It seems like your browser didn't download the required fonts. Please revise your security settings and try again.
Barracuda Web Application Firewall

Monitoring the Servers

  • Last updated on

Load balancing distributes requests to servers, sending subsequent requests from the same client to the same backend server. To prevent requests from being sent to an unresponsive server, the health of all backend servers must be monitored. The Barracuda Web Application Firewall monitors server health in three ways: by using In-Band, Out-of-Band, and Application Layer health checks. In-Band and Application Layer health checks can only change a server status to out-of-service from an online state, but Out-of-Band health checks, which perform periodic tests of all servers, allow a server state to change from out-of-service to online when the health checks succeed.

In-Band and Application Layer health checks are performed only if the parameter Enable OOB Health Checks is set to Yes for Out-of-Band health checks. This prevents servers from being marked out-of-service indefinitely. Disabling Out-of-Band health checks disables monitoring server health.

For detailed configuration instructions, see the online help by clicking Edit for the server on the BASIC > Services page.

In-Band Health Checks

In-Band health checks monitor a server’s connections and response to user traffic. The In-Band health check policy specifies Layer 4 and Layer 7 error thresholds. The server connections and responses are monitored for errors. When error counts exceed configured thresholds, the server is marked as out-of-service.

Servers marked out-of-service no longer receive requests. Traffic is routed to other load-balanced servers if configured. When no healthy server is available to serve a request, an error response is sent to the client.
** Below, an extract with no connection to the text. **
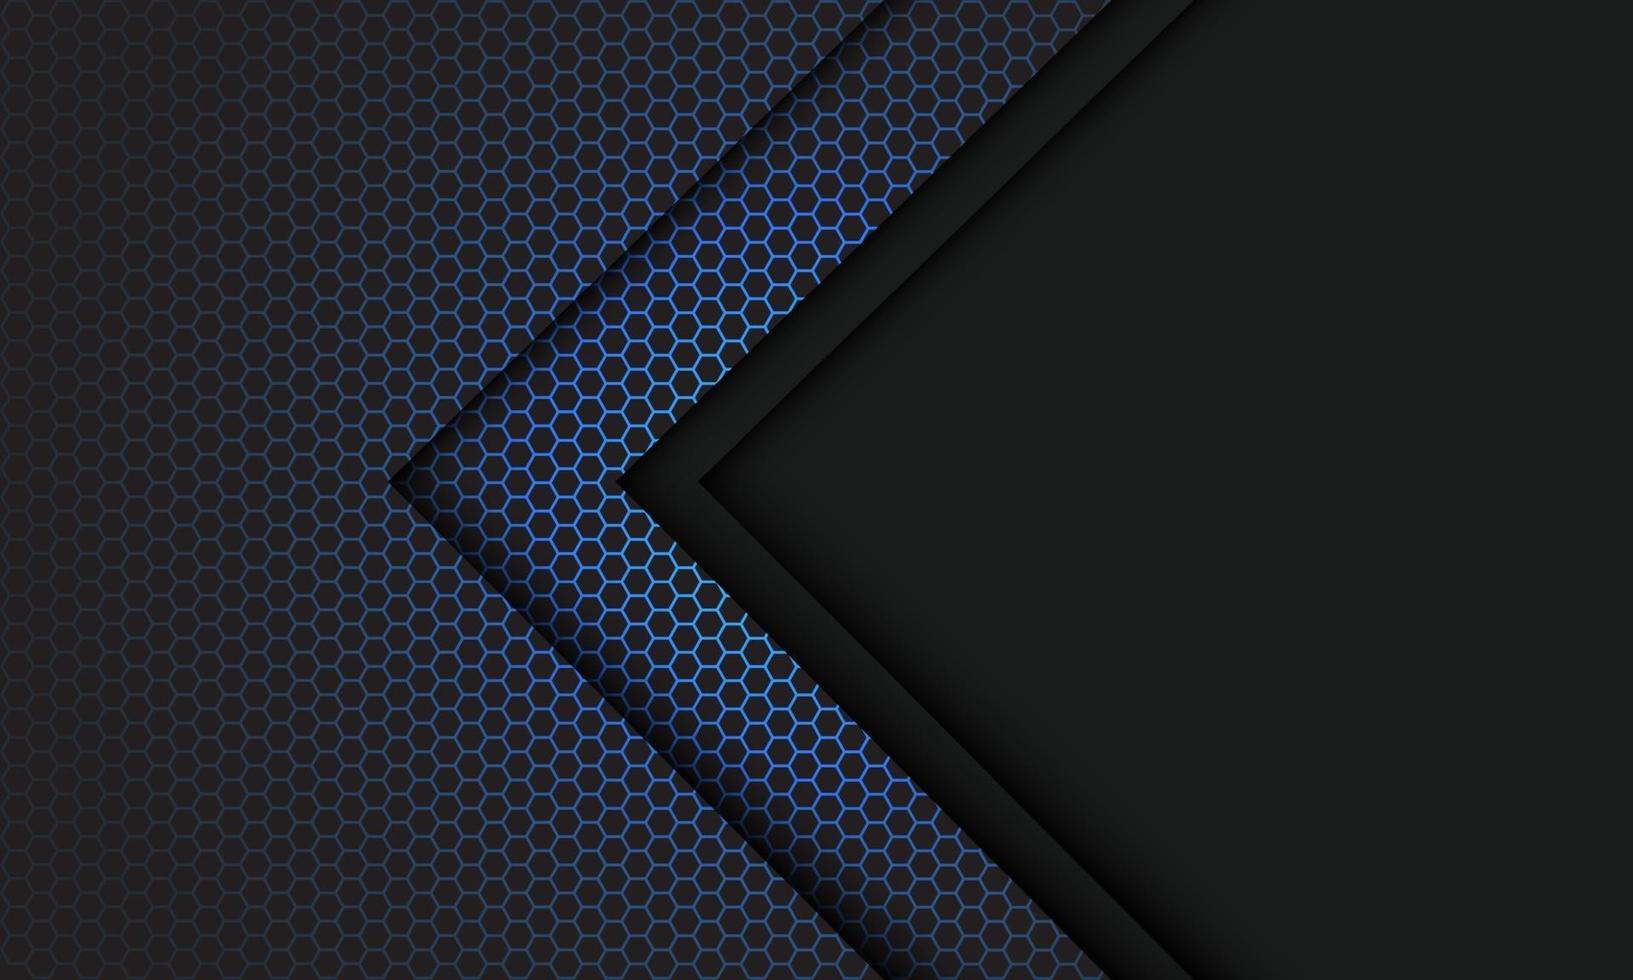 abstrait bleu hexagone maille direction de la flèche gris clair avec espace vide design illustration vectorielle de fond technologie futuriste moderne vecteur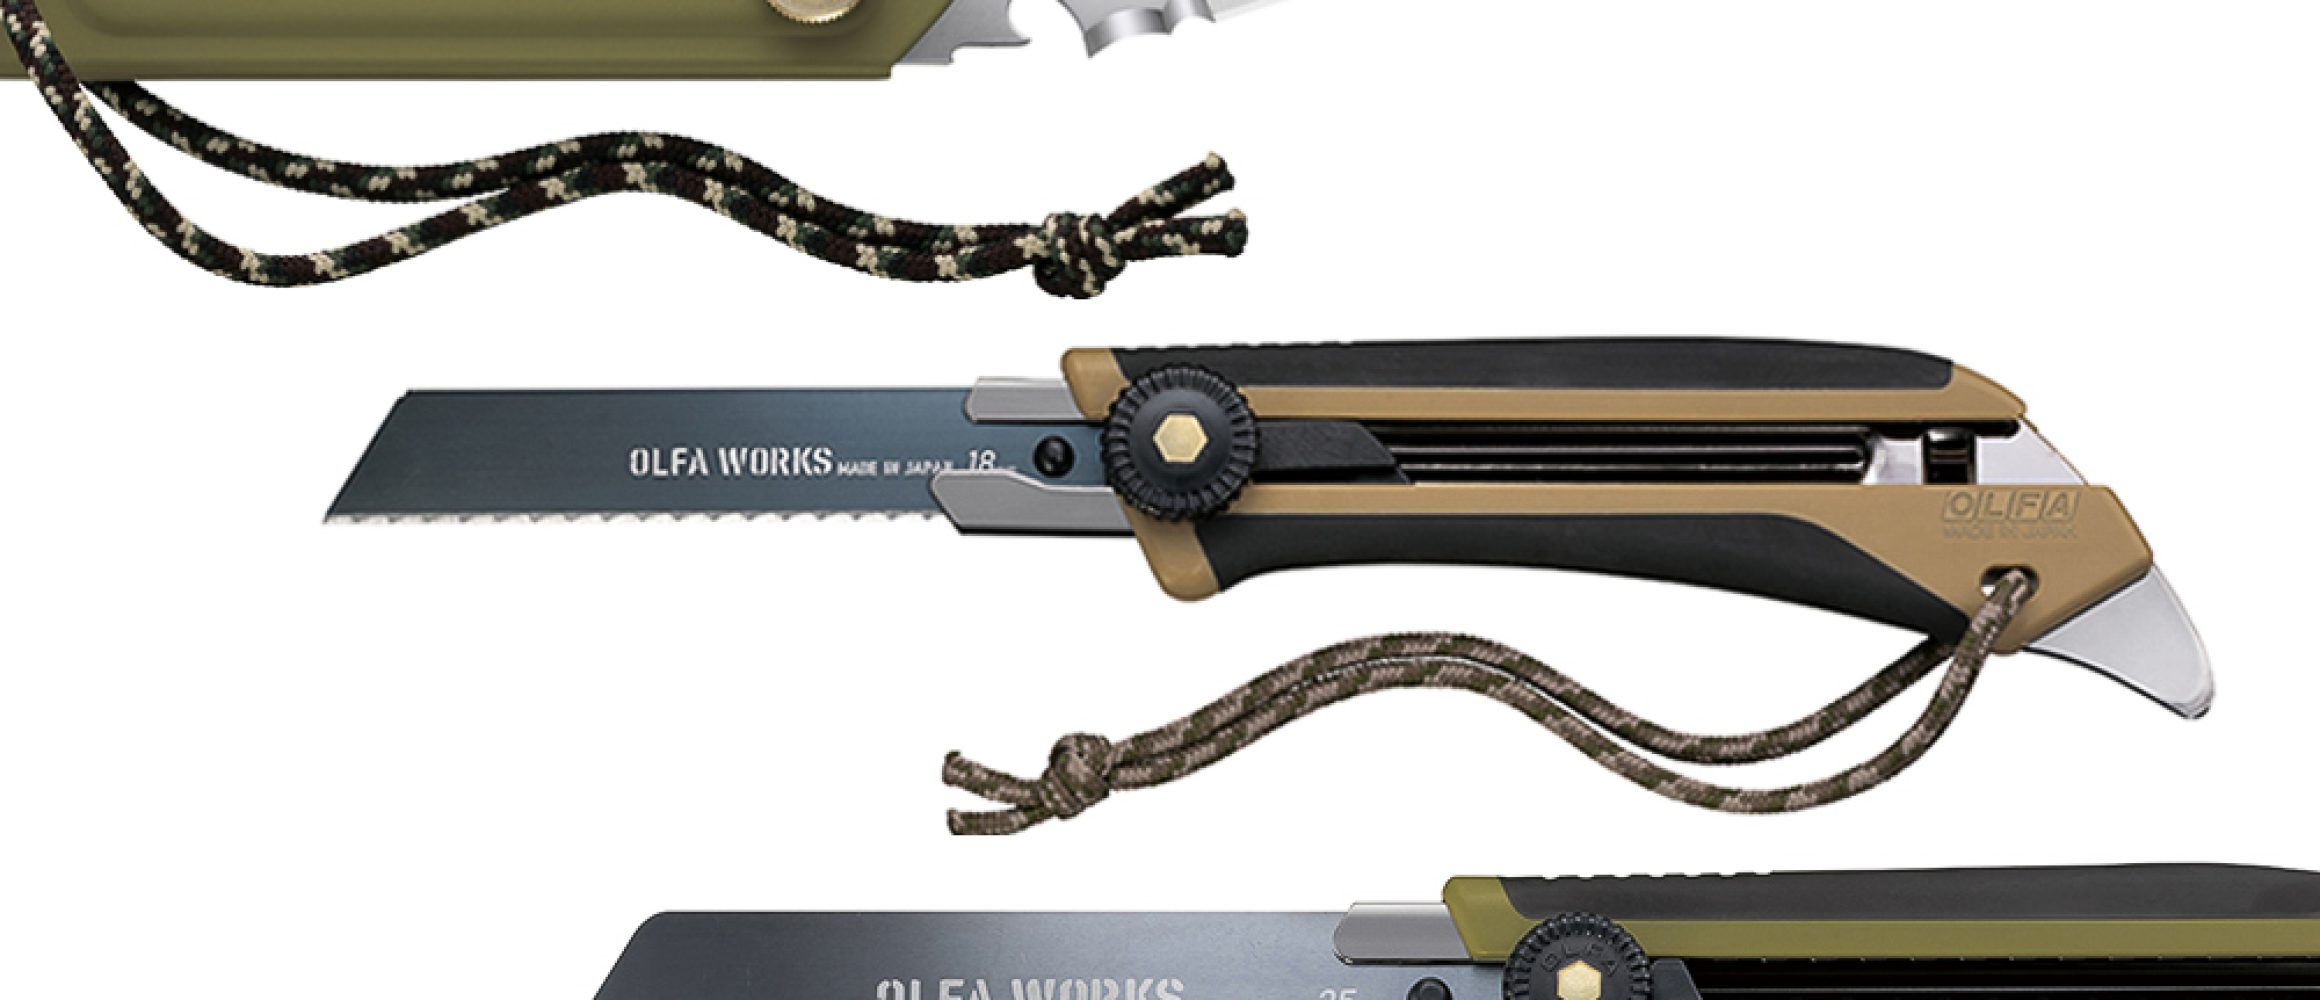 カッター型のアウトドアナイフ!? 替刃式が新しい「OLFA WORKS」の3アイテム。 | アウトドアファッションのGO OUT

In-Band monitoring is enabled by default, and default parameters are provided. The settings can be modified if desired. In-Band monitoring is disabled if Out-of-Band health checks are disabled.

Out-of-Band Health Checks

The Barracuda Web Application Firewall also monitors server health by sending requests at configured intervals that are independent of incoming traffic. Out-of-Band health checks are performed in addition to user-traffic connections. The Out-of-Band health check parameters specify Layer 4 and Layer 7 server monitoring.

If a server health check fails, the server is marked as out-of-service. Out-of-service servers continue to be sent data based on the Out-of-Band health check configuration. Therefore, when a health check succeeds, the server's status reverts to in-service. An out-of-service server can only be restored to service by using Out-of-Band health checks because In-Band checks require user traffic to be sent to the server, and user traffic is not sent to an out-of-service server.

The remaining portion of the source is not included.